Seminar on "Structural and functional studies of the Type III Secretion system of Shigella flexneri" by Dr. Martin Cheung

Quantum Wave Microscopy Unit would like to invite you to a seminar by Dr. Martin Cheung.

Time/Date: 13:30 - 14:30 Wednesday, October 30

Venue: Lab 1 Meeting Room C015 (Level C)

Speaker: Martin Cheung, Post-doctoral research assistant, University of Bristol

Seminar Abstract:

The Type III Secretion System (T3SS) plays a pivotal role in the virulence of many Gram-negative bacteria. Numerous genera of bacteria rely on this system for virulence and strains with dysfunctional systems have attenuated virulence. Bacteria utilising the T3SS include those involved in human, animal and plant pathogenesis. Shigella flexneri is the bacterial cause of shigellosis, the most acute form of bacterial dysentery. A global endemic, shigellosis is of particular burden in the developing world where it accounts for 75% of all diarrhoea related deaths.

The widespread use of the T3SS by pathologic bacteria reflects its importance in virulence and it is therefore not difficult to see the T3SS as a potential target for new antimicrobials and vaccines. A “molecular syringe”, the T3SS is a 3.5MDa transmembrane complex that allows for the direct transfer of proteins from the bacterial cytoplasm into the host cell. The three main components of the T3SS are (i) the base that spans both bacterial membranes, (ii) needle, which emanates 50nm from the cell surface and (iii) tip complex (TC) that forms a pore in the host cell membrane. To aid the rational design and discovery of inhibitors of T3SSs, much research is being invested in defining the structure of the T3SS and relating this structural knowledge to its function. Of particular interest is the activation mechanism and signal transduction through the system.
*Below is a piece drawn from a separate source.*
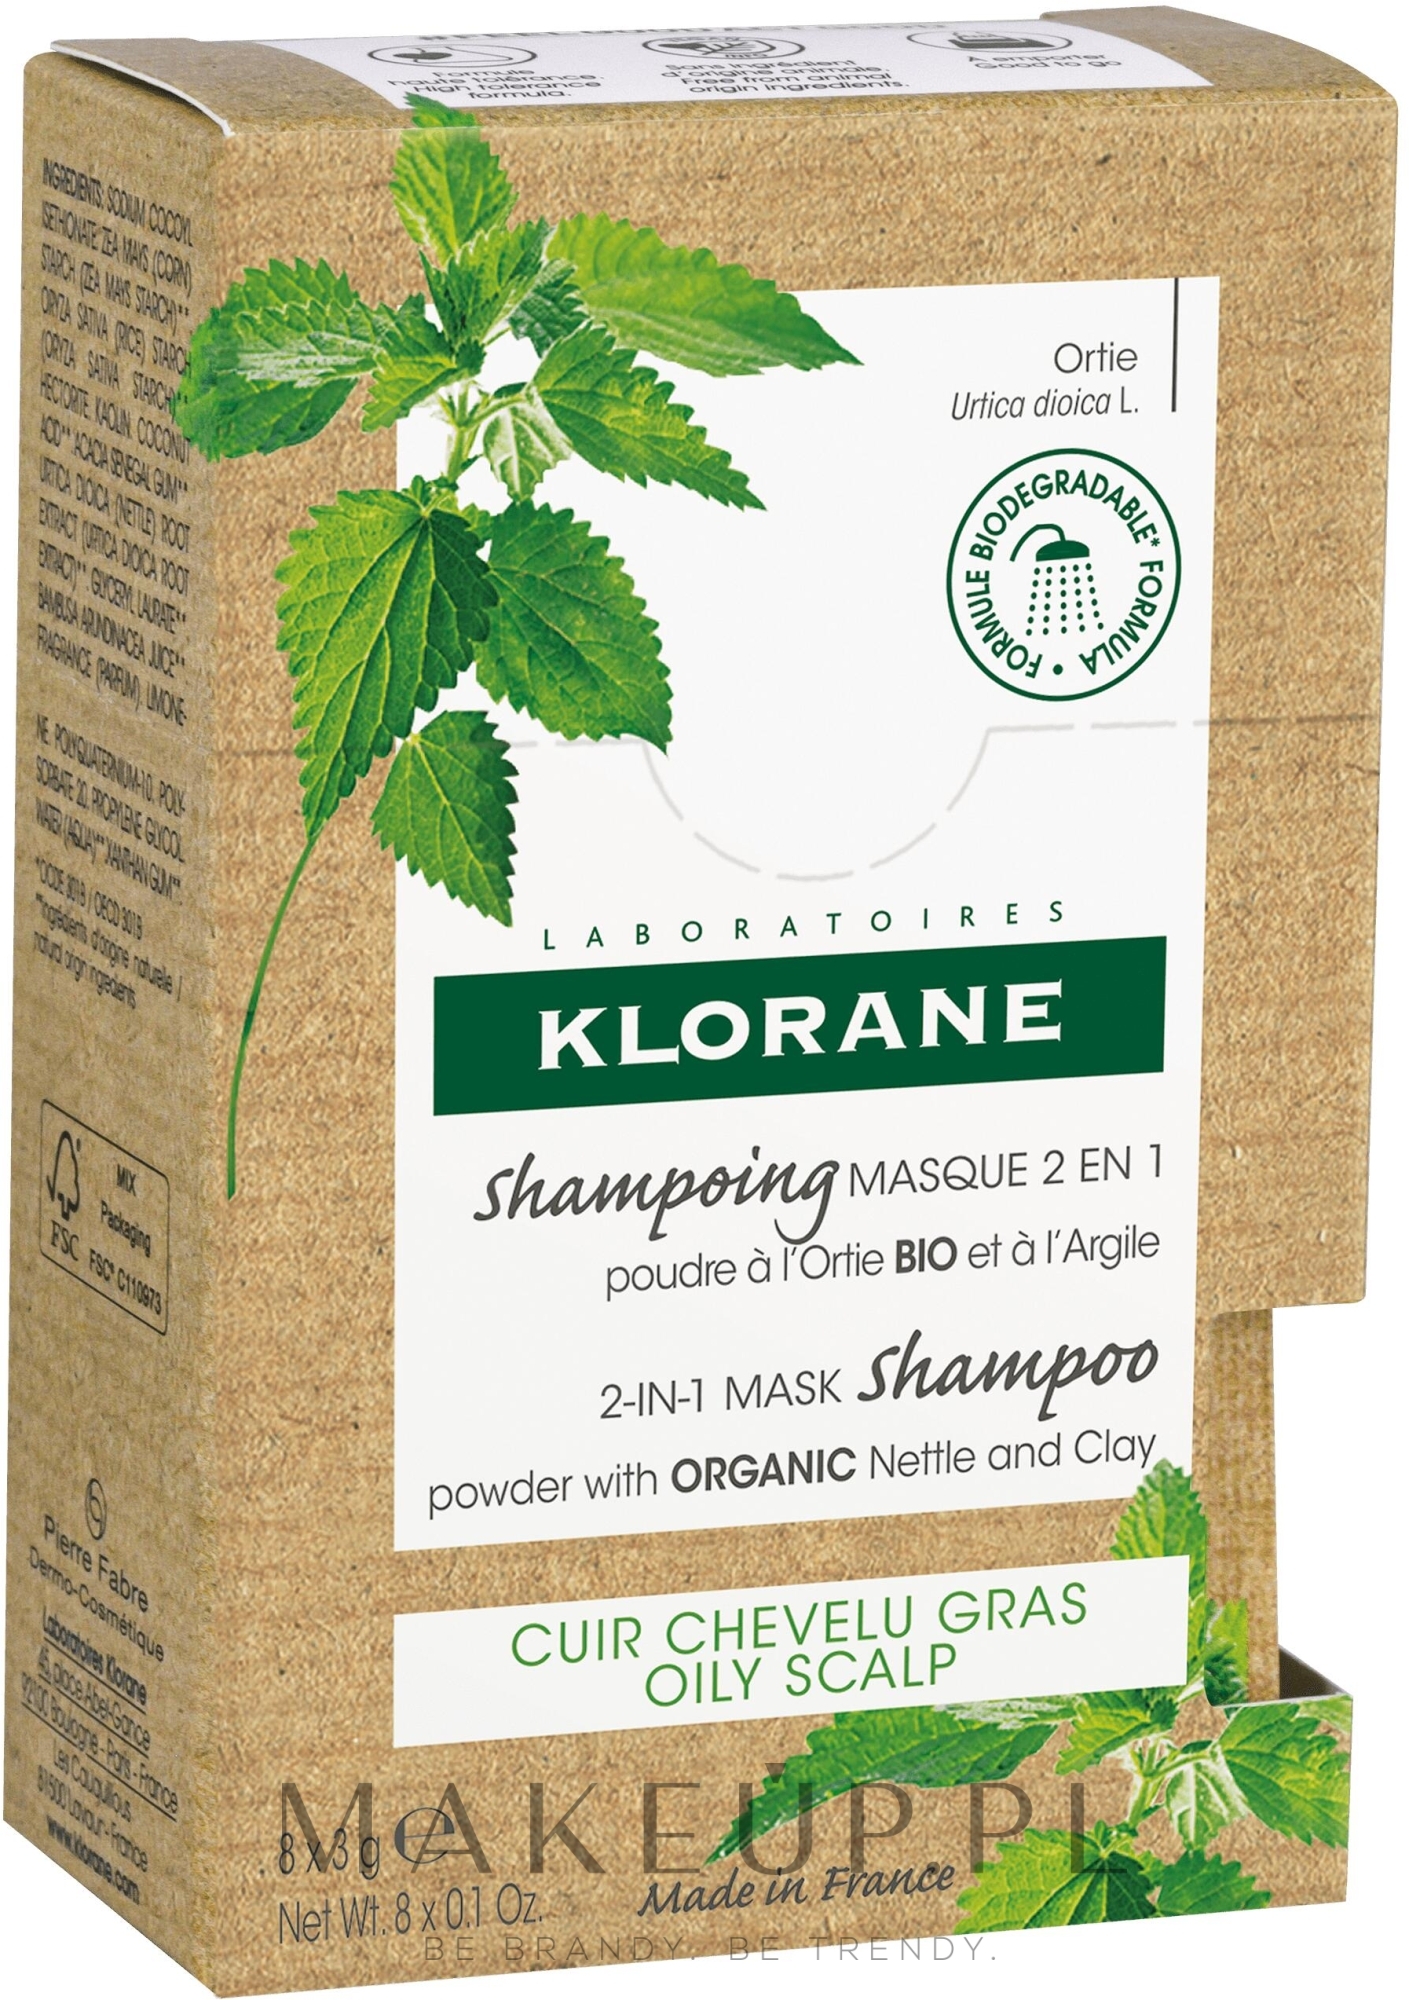 Szampon-maska do włosów 2 w 1 z ekstraktem z pokrzywy - Klorane 2-in-1 Mask Shampoo Powder with Nettle and Clay — Zdjęcie 8 x 3 g

During my PhD, I used electron microscopy to study the three key components of the T3SS. Utilitsing negative stain EM, we were able to produce 20 - 25 Å density maps of the TC in wild-type and activated states, revealing for the first time its asymmetrical architecture. We were also able to produce a 3D reconstruction of the needle to 7 Å, allowing for direct visualisation of how the needle subunit is able to polymerise into an extended structure. The new structural information gained during my PhD has allowed us to develop theories into how the T3SS functions and has paved the way for the development of drugs specifically targeting this system.